Тем не менее мне нравилось верить, что любой небольшой дискомфорт, который я, возможно, испытывал, стоит того, что наши беседы помогают Дэну. На самом деле, когда сезон рыбной ловли закончился осенью, я немного волновался за него. Мне самому еще только предстояло найти замену рыбалке – как понимаете, я не определился с хобби на зиму по сей день, – и, помимо того, я все еще не мог с легкой душой сказать Дэну: ну все, рыбалка нам пока что не светит, давай-ка попрактикуемся в керлинге. Может быть, с учетом всего того времени, что мы провели вместе, это и было странно с моей стороны, испытывать такие заминки, но никуда от этого было не деться, и я не решался просто так вытащить Дэна на выходные поболтать. Глупо, да. В любом случае за него взялись родной брат и семья Софи, решив, что оставлять его без опеки на праздники нельзя. Так что в рождественский сочельник он всяко не был одинок.
Хоть я и видел Дэна на работе каждый день и даже заговаривал с ним от случая к случаю, только в конце февраля следующего года я осмелился пригласить его к себе в гости. Несмотря на малое количество дней, февраль всегда поражал меня своей мрачностью – по меньшей мере, в здешних местах. Он не самый темный в году, безусловно; не самый стылый и не холодный, но довлеет над ним некая безотрадная серость – иначе не могу объяснить. Это месяц, когда все самые значимые и самые радостные праздники остались позади, а до Пасхи и весны еще долгие и долгие недели. Малым спасением февралю служит День святого Валентина в самой его середине, но даже тогда, когда у меня еще был повод праздновать его, я все еще думал о втором месяце года как о безрадостном времени. Наверное, то была одна из причин, по которой я пригласил Дэна в гости – и по которой, открыв тем воскресным вечером ему дверь, я застал его небритым, чумазым, обряженным в старый спортивный костюм, пропахший нафталином и кладовой сыростью. И знаете, я мог бы удивиться – еще в пятницу Дэн щеголял своей традиционной безупречностью, – но не удивился, нет. Глядя на стоящего в дверном проеме Дэна, с глазами столь красными, воспаленными, что они тут же вызывали воспоминание об уэллсовском спящем, который проснулся, я просто подумал: всему виной февраль.
Говорят, для большинства людей второй год после утраты сложнее первого. В первый год вы все еще пребываете в шоке. Вы не верите в то, что произошло, не решаетесь поверить. А потом – старательно делаете вид, что умерший близкий (сразу несколько близких, в случае Дэна) просто уехал в гости и покамест не торопится возвращаться.

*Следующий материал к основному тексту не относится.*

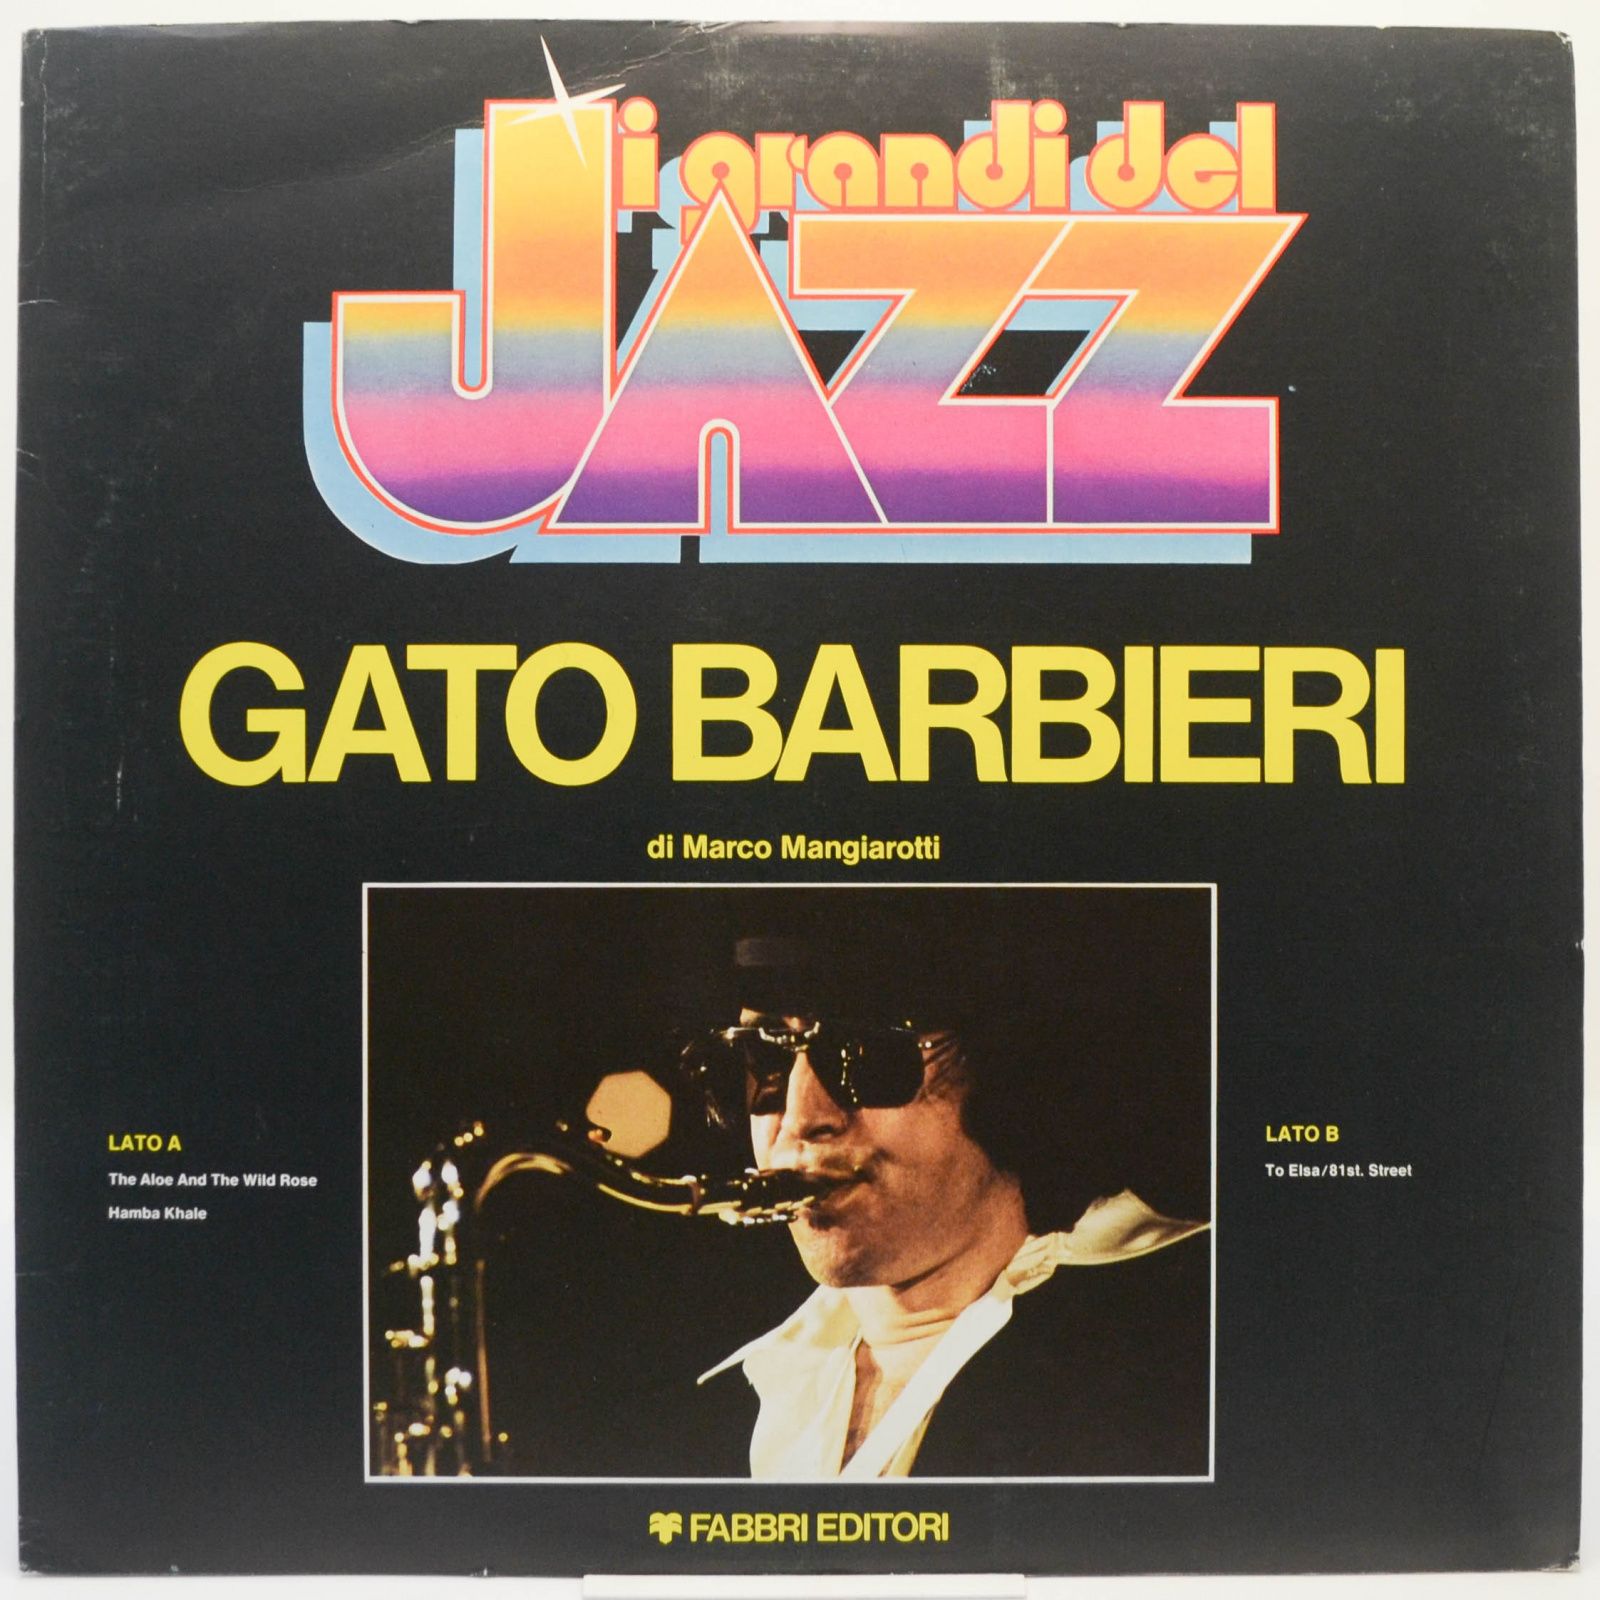 Gato Barbieri, 1980

Со мной такого не было, но, думаю, единственно потому, что наше расставание с Мэри растянулось во времени и все эти трюки мне были в общем-то ни к чему. Но с Дэном все случилось именно так. Он, с гордо поднятой головой, прошел через День благодарения, Рождество, Новый год, сделал все возможное, чтобы стать хорошим хозяином для уймы навещающих его родственников, но как только последний из них, двоюродный брат из Огайо, отбыл, как только стало ясно, что в ближайшем будущем больше никто не приедет, фасад рассыпался. Осознание того, что отныне он одинок, раздавило Дэна, подобно сгруженной с самосвала груде кирпичей. До того он не мучился особо бессонницей, отвлекал себя просмотром старых фильмов на любимом видеомагнитофоне… Но теперь ему только и виделся тот огромный белый грузовик о восемнадцати колесах, мчащийся навстречу и ухмыляющийся зубастой хромированной решеткой радиатора, готовый откусить от его жизни такой огромный кусок, что Дэн никогда не оправится. Когда он пытался посмотреть телевизор – кассетную запись «Багровых рек» к примеру, или одно из поздних ночных ток-шоу, – картинка на экране всякий раз сменялась Софи, отвернувшейся от него, чтобы посмотреть на ревущий восемнадцатиколесник, и последнее выражение ее лица сменялось с легкой утренней утомленности на животный ужас. Ее губы раскрывались, чтобы произнести какие-то слова, но Дэну не суждено было их услышать.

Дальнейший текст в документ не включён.